The warheads on those missiles are very much like a very large claymore mine. Over 100 lbs..
It’s a directional charge that launches several pounds of steel shrapnel (usually balls just like a claymore) over a wide area when it detonates approximately 100 feet or so from the aircraft. It pursues the aircraft nose on generally, after launch and in this instance it did exactly that, destroying the pilots cabin area and ripping holes in the fuel tanks which in turn allowed the air pressure to rip open the craft like a sardine can while it’s engines ignited the fuel..

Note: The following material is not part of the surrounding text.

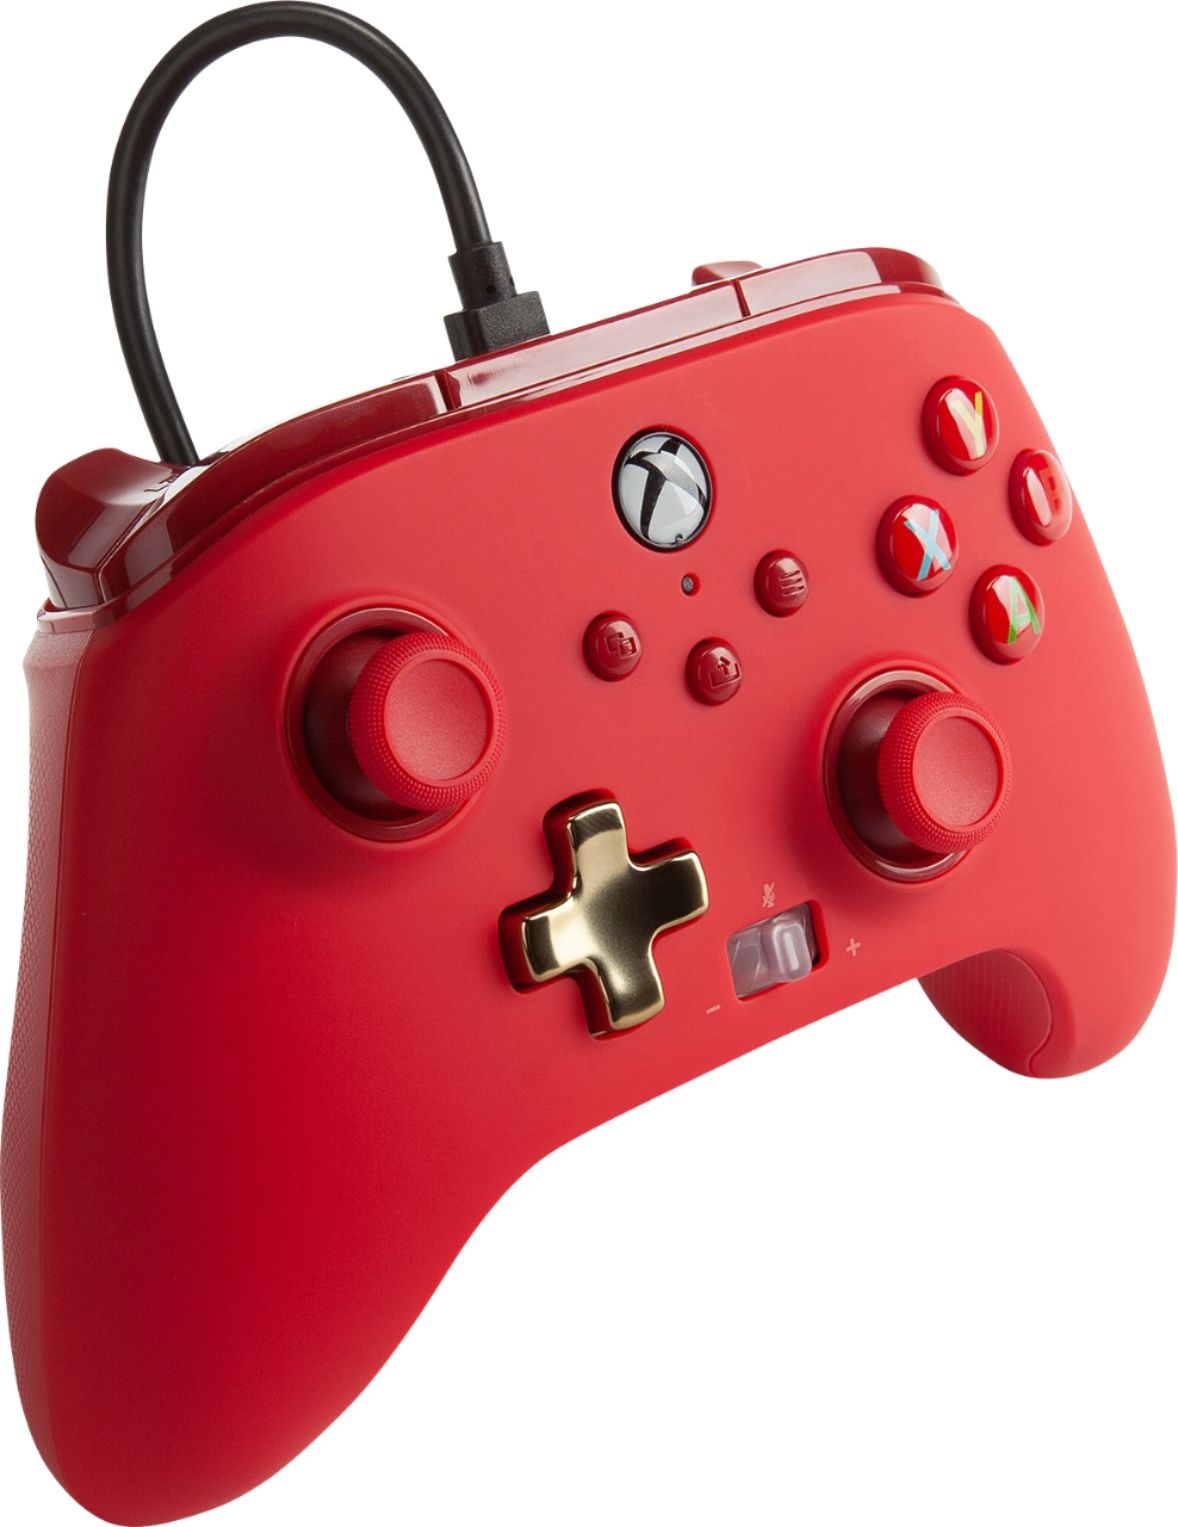 Angle View: PowerA Enhanced Wired Controller for Xbox Series X|S - Red

From the picture I saw initially from the wreckage, there was no doubt that it was a medium SAM missile. And it did exactly what it was programmed to do.

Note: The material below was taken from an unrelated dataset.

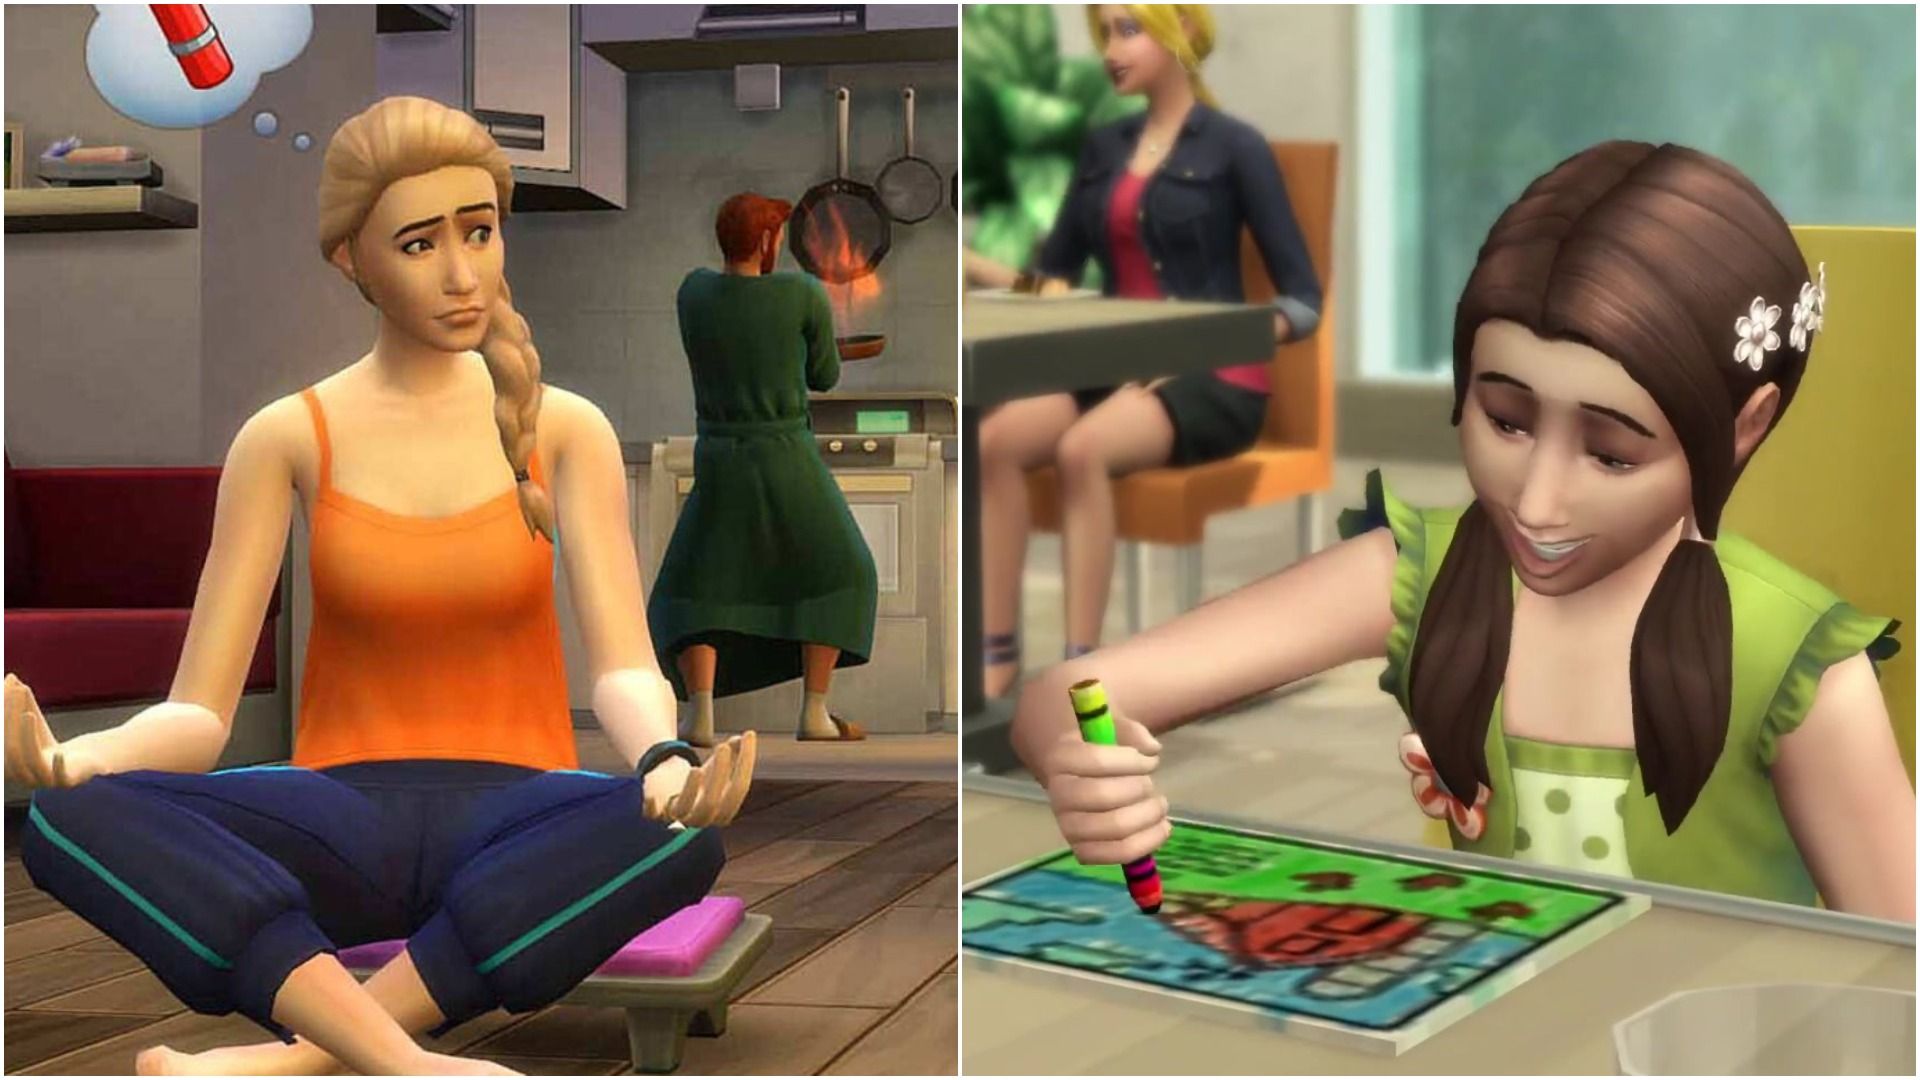 On the left, a meditating Sim is distracted by their less-than-stellar chef of a partner. On the right, a child draws on a restaurant kid's menu

Combined with the launch video from a satellite, the audio from the ground and the admissions from those who crewed it, to not claim this was a shoot down by a aircraft is totally insane.
30mm Russian, like our 20mm and 25mm, is a multipurpose round used by ground, air and naval vehicles. It first appeared in the ZSU-30 antiaircraft gun concept, which got cancelled. The first ground deployment for the 30mm round was the SA-19 Grison/9K22 Tunguska self propelled anti-aircraft vehicle in 1982, but it spread to a LOT of other Russian ground vehicles very quickly. It’s the main gun for pretty much all their front line armored personnel carriers, infantry fighting vehicles and amphibious assault vehicles now.